--- INFORMATION PROVIDED Enclosed Below ---
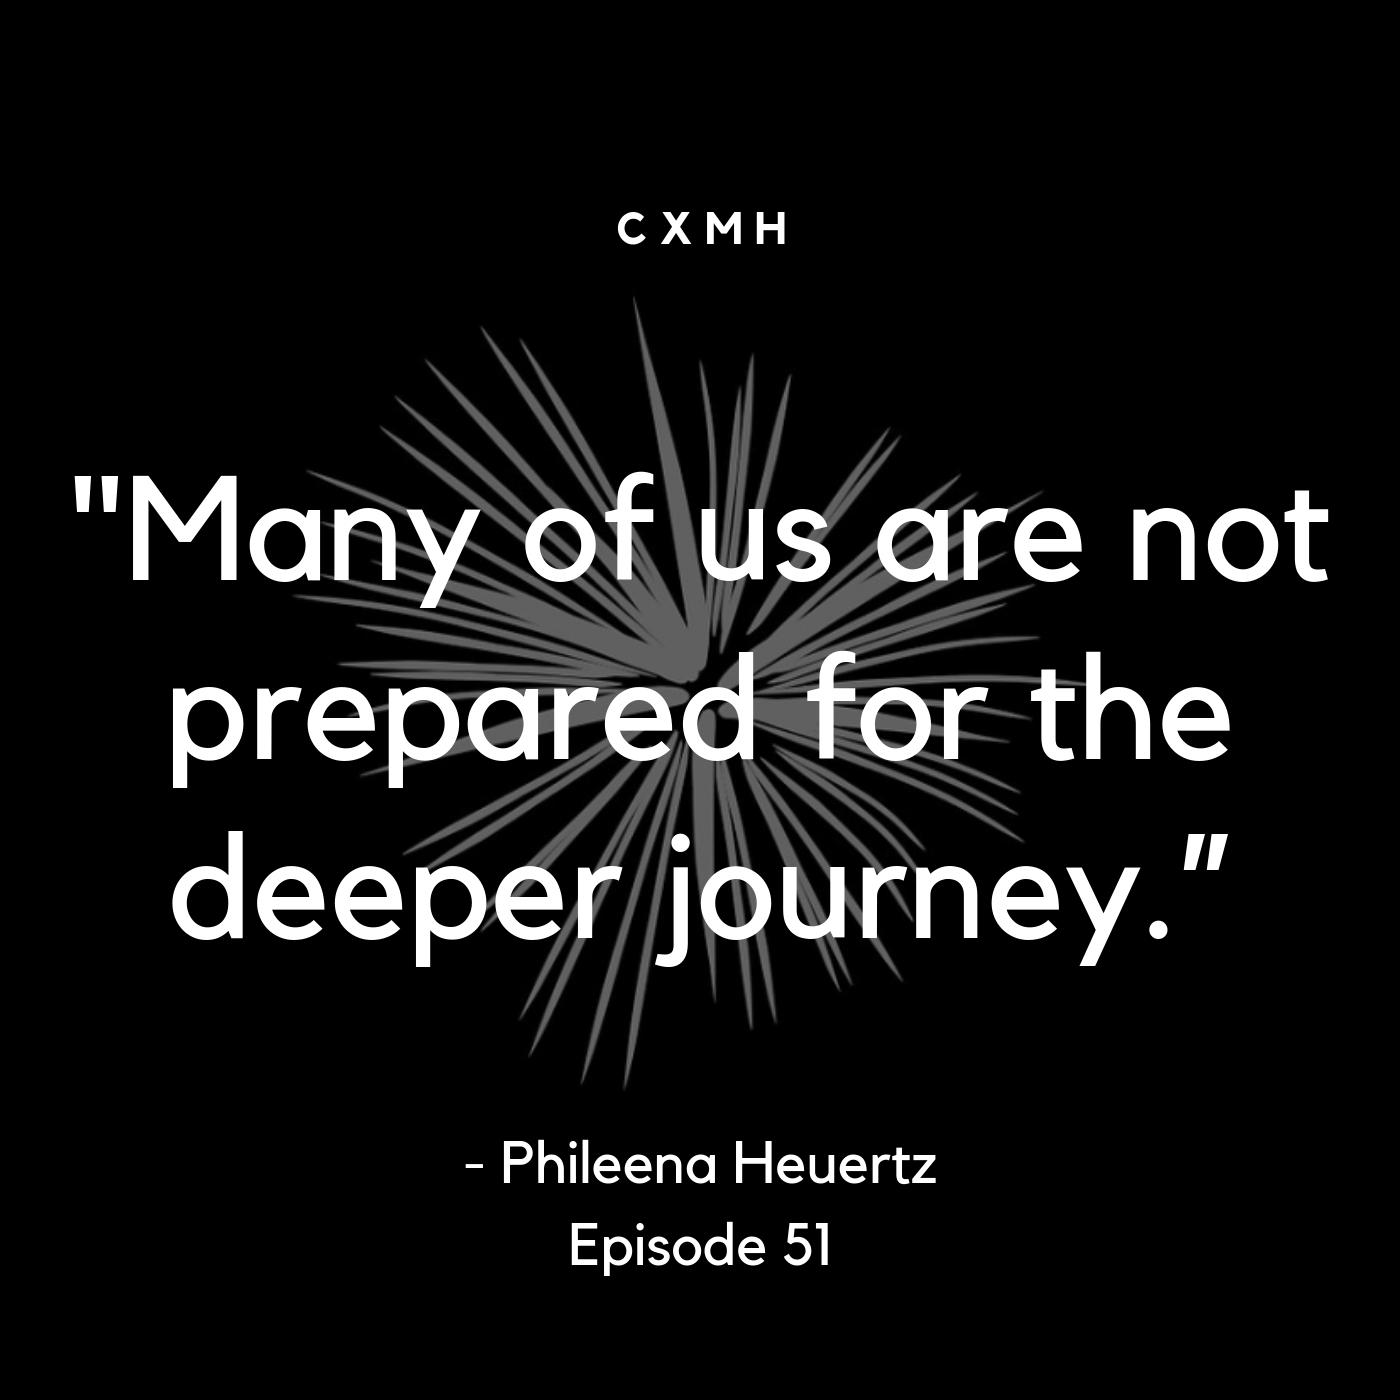 Phileena 1 Quotes.jpg
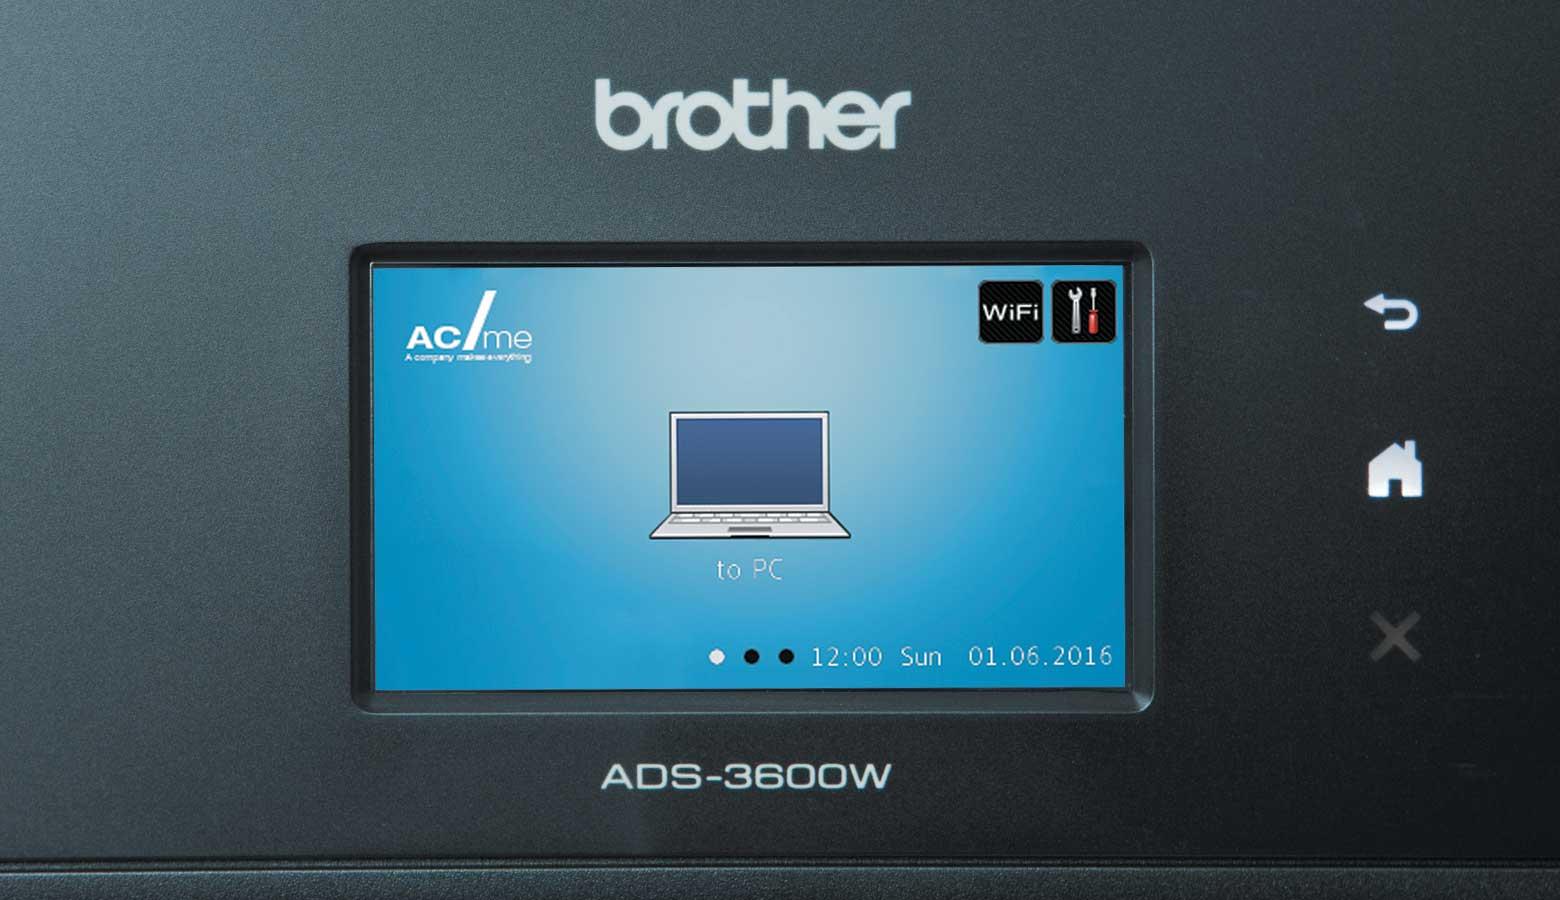 Acme_touchscreen
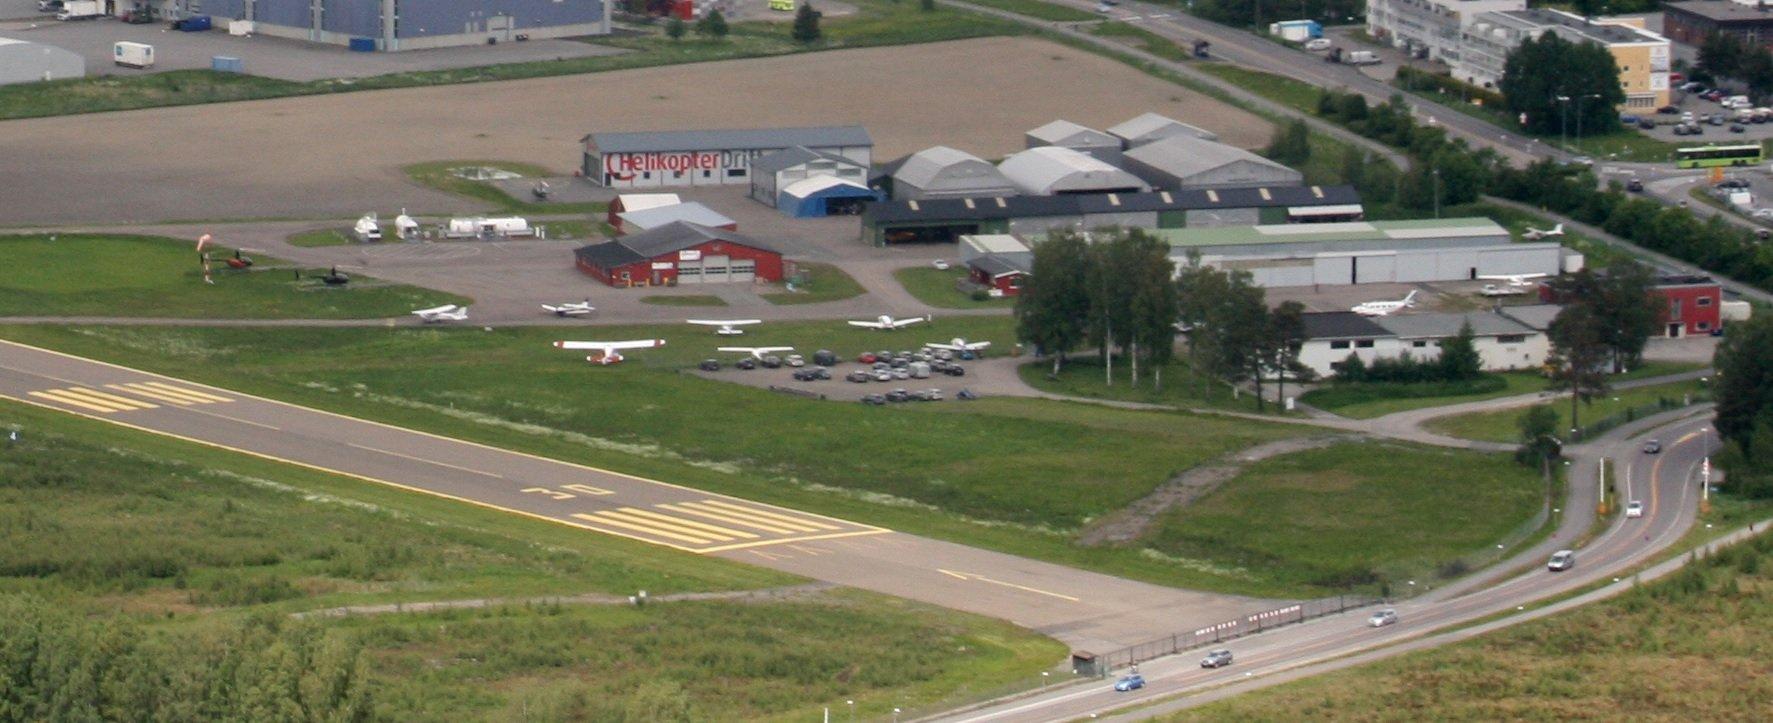 Småflyhavna.jpg
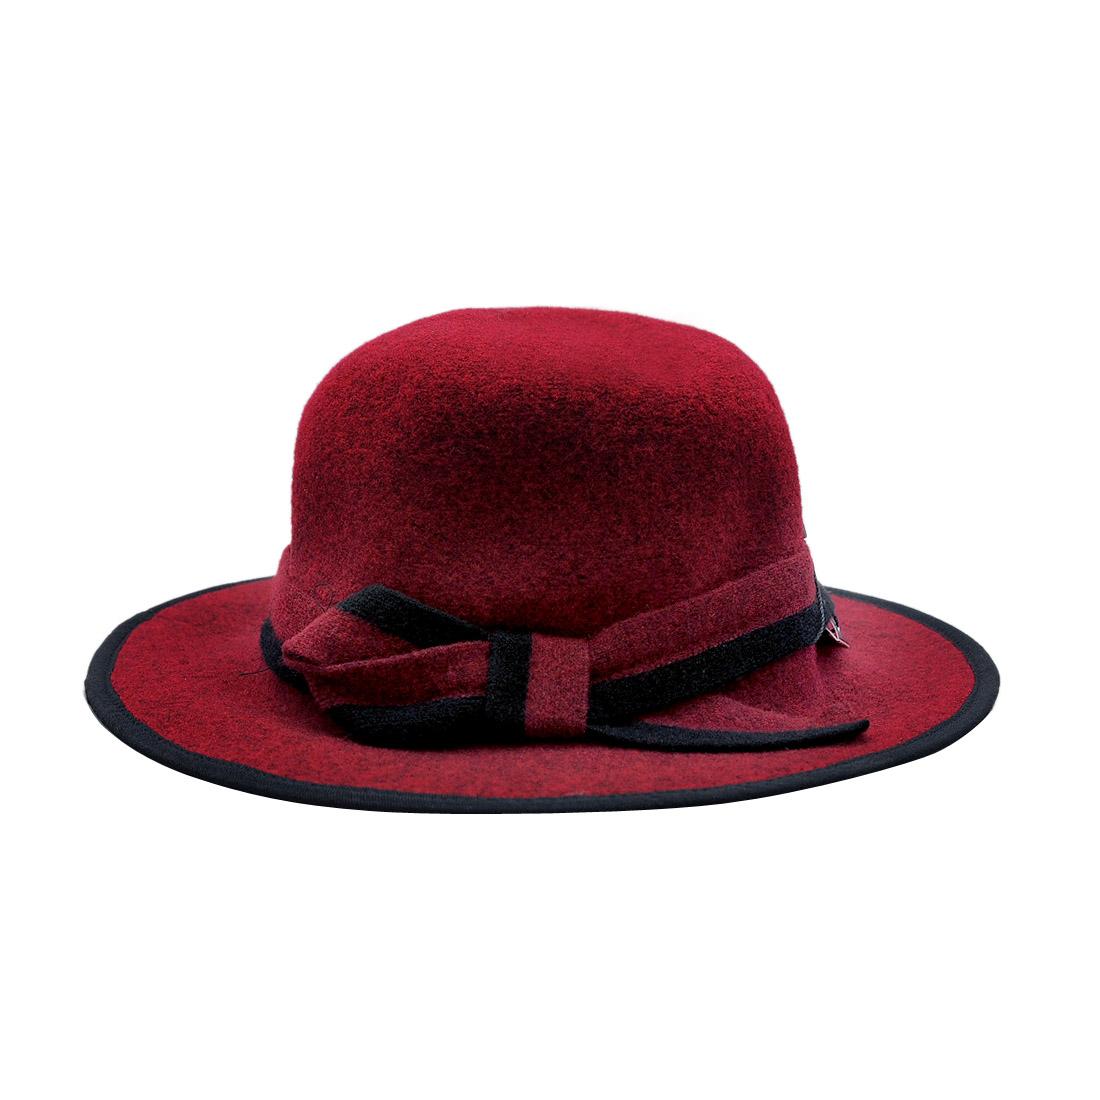 Mũ vành dạ nữ thời trang cao cấp màu đỏ đô EH39-3
--- End of Enclosed INFORMATION PROVIDED ---
◆ WORK ORDER ◆
Omitting all pictures, restate word for word the lines from the one containing "Acme_touchscreen" through the last line of the data.

◆ FINISHED EXERCISE ◆
 Acme_touchscreen
 Småflyhavna.jpg
 Mũ vành dạ nữ thời trang cao cấp màu đỏ đô EH39-3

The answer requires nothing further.